Lane Kiffin and Co. just survived two years of recruiting without a bowl game.
Congrats. Give them a pat on the back.
But this is far from over. Though most Trojan fans are probably breathing a sigh of relief now that USC can compete for a bowl game again, some of the repercussions left by the NCAA sanctions will still be felt for the next few years.
With 10 less scholarships over the next three years, they can’t afford to “miss” out on a recruit. It is most certainly time to be picky. Moreover, there is one region that they definitely can’t afford to mishandle.
When Lane Kiffin first arrived back in Los Angeles he vowed to put up a fence around their own backyard. Yet he hasn’t been afraid of raiding other territories, bringing players such as Nickell Robey from Florida and Aundrey Walker from Ohio. Stealing from Big 10 and SEC territory is not only a gusty move, but the sign of a great recruiter and a powerful program.
But if you had to guess which region probably stayed the most loyal during the post-season ban, one would have to guess California. Too many players had dreamed too long of wearing the cardinal and gold. Too many had grown up visiting the Coliseum as mere fans, not highly-touted recruits.
There are always a handful of players that cultivate their loyalty to the Trojans well before they sign their letter of intent. And they all live in California.
Take a look for a moment at the Trojan’s aerial attack, heralded to be one of the best in country. Marqise Lee and Robert Woods attended Serra High School in Gardena which is a quick 20 minute drive from campus. Matt Barkley attended Mater Dei High School which is about 40 minutes from USC.

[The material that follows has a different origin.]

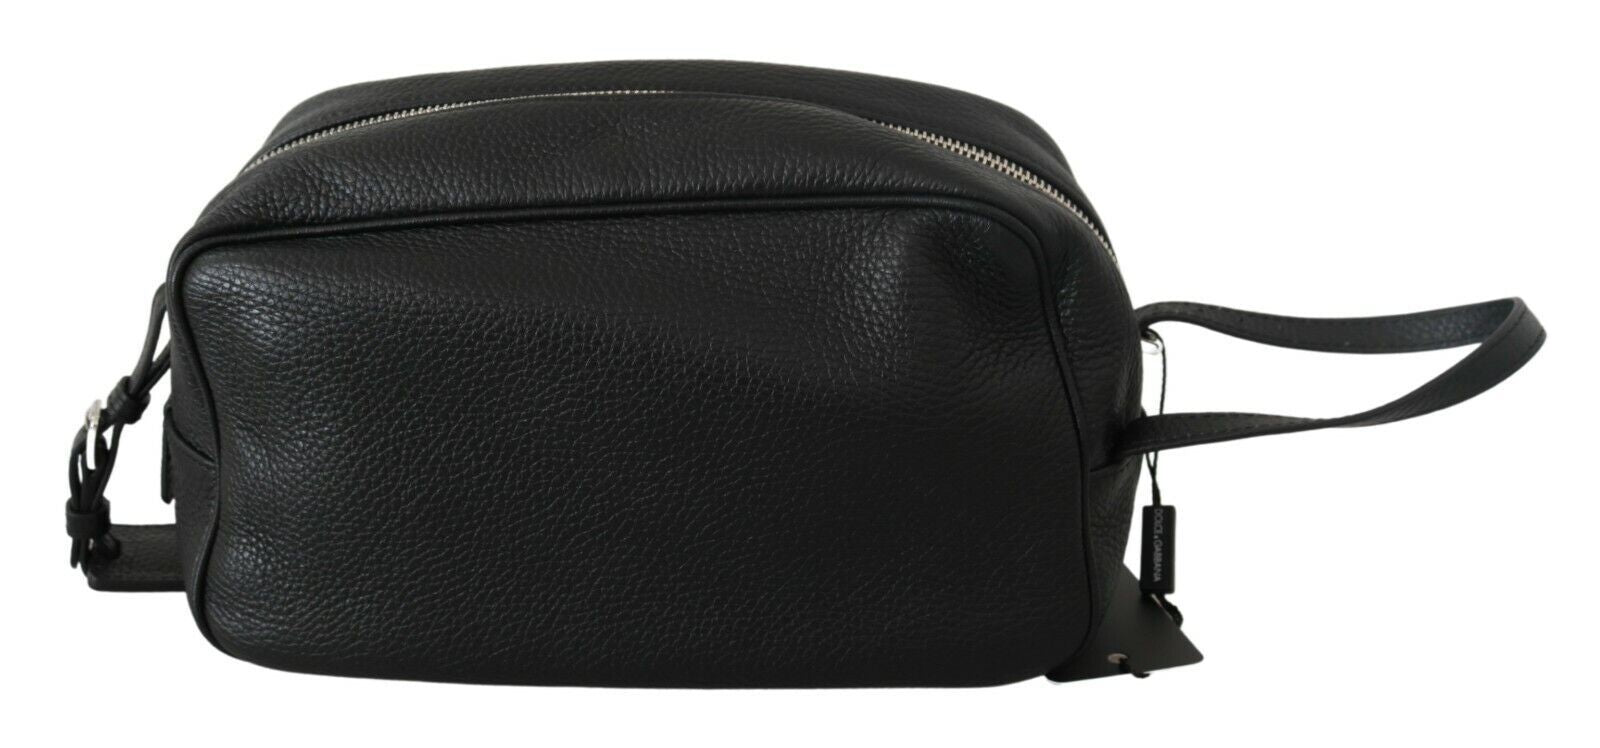 Dolce & Gabbana Sleek Black Leather Wristlet Clutch Bag
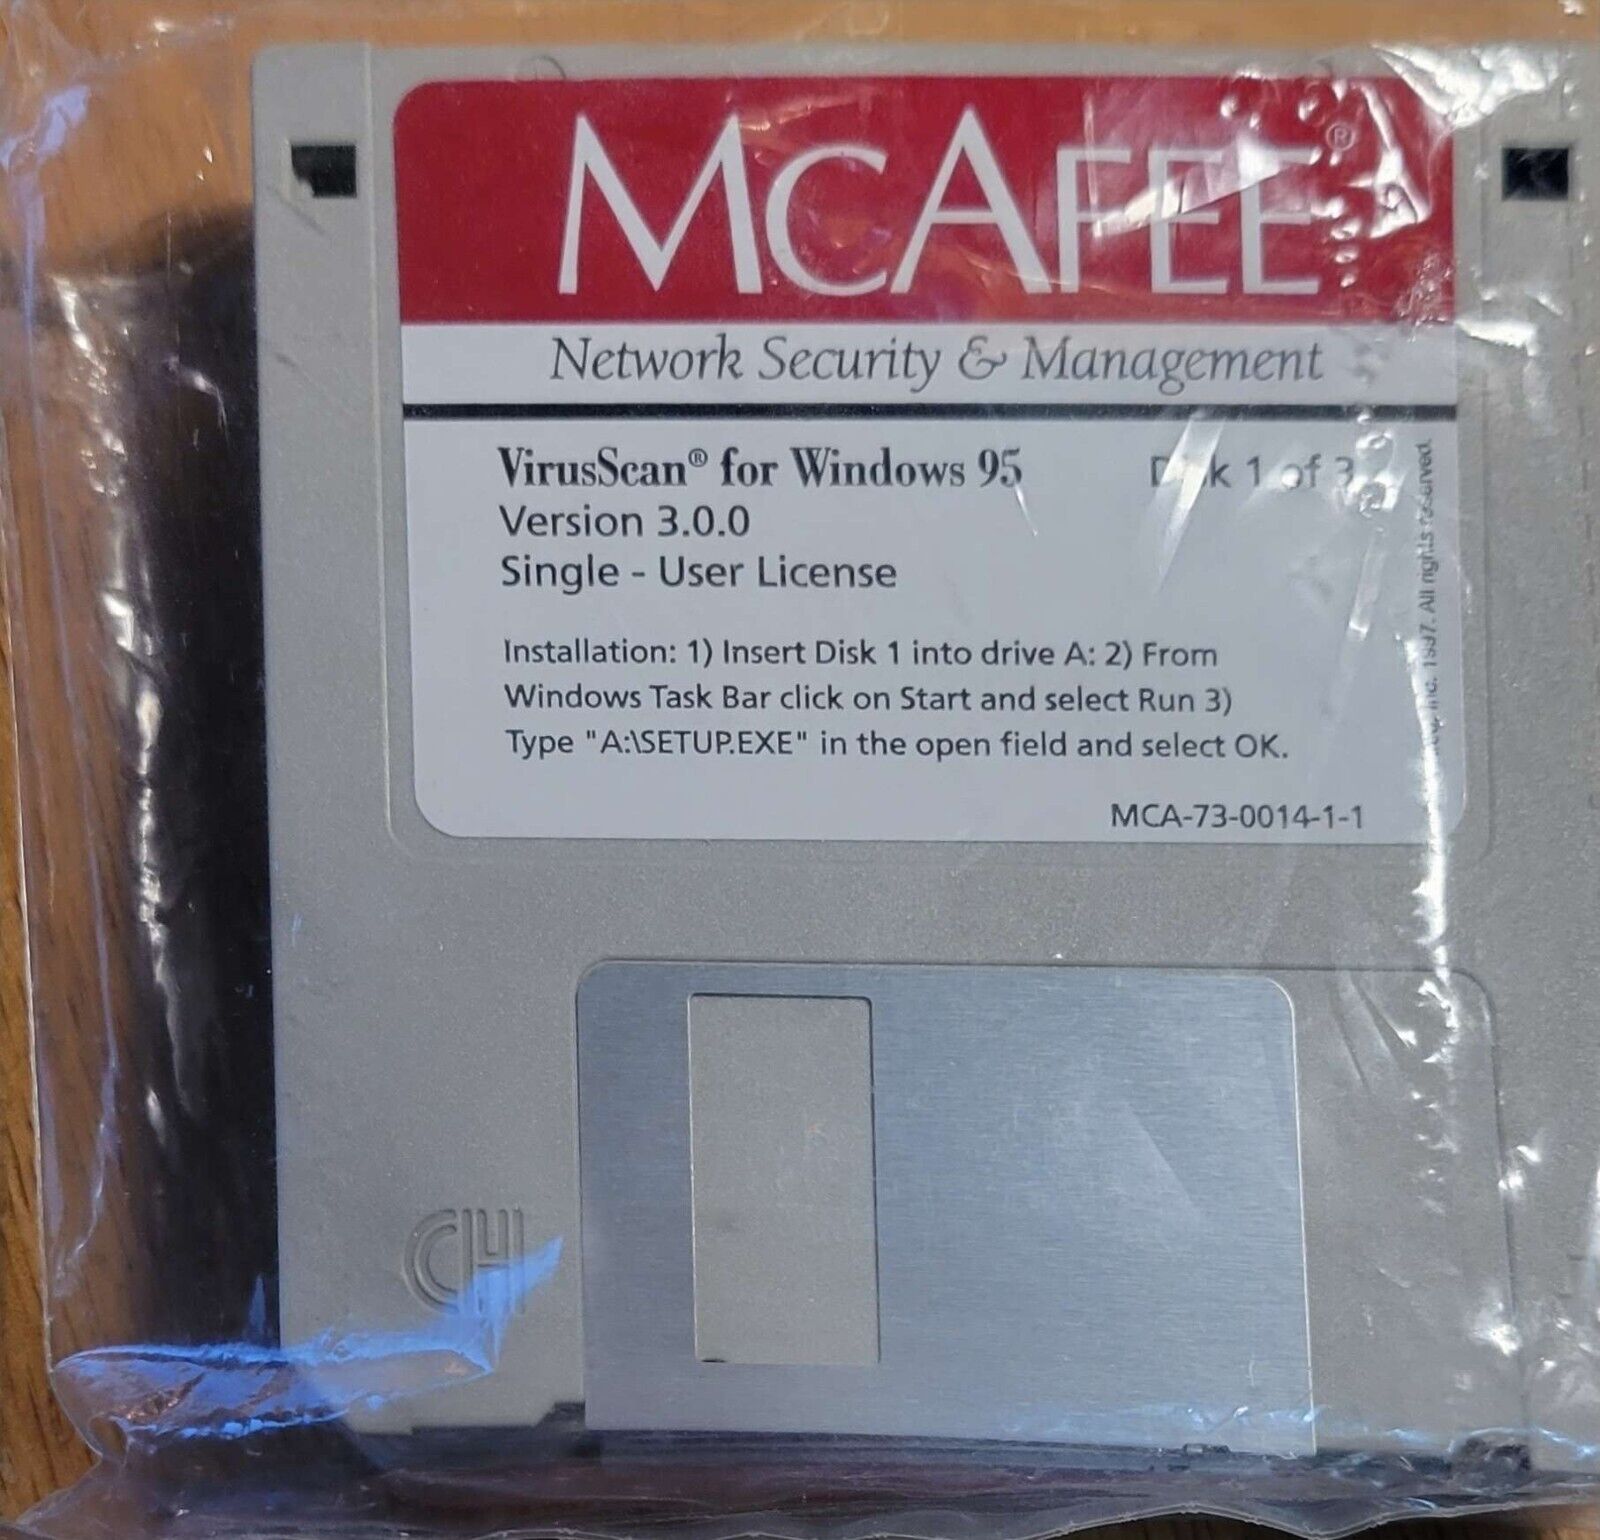 McAfee Network Security & Management - Windows 95 Version 3.0.0 - 6 Floppy Disks

Speaking of Mater Dei, Barkley’s center, Khaled Holmes, not only protected him during their four years at Mater Dei, their friendship started well before the days of organized huddles. You can’t find chemistry like that just laying around. You have to look for it. Or in this case, drive down the I-5 for it.
A look at the spring roster shows 57 members claiming somewhere in the Golden State as their home, and a majority of those call Southern California home. Though common sense says that a majority of players will come from the state the school is in, remember this isn't always about convenience.
USC is coming off a 10-2 season and has legitimate national championship aspirations.
So, clearly, something about this situation works. It always has and it always will. When Kiffin must look for the perfect combination of loyalty and talent, there is still no better place to look than right down the freeway.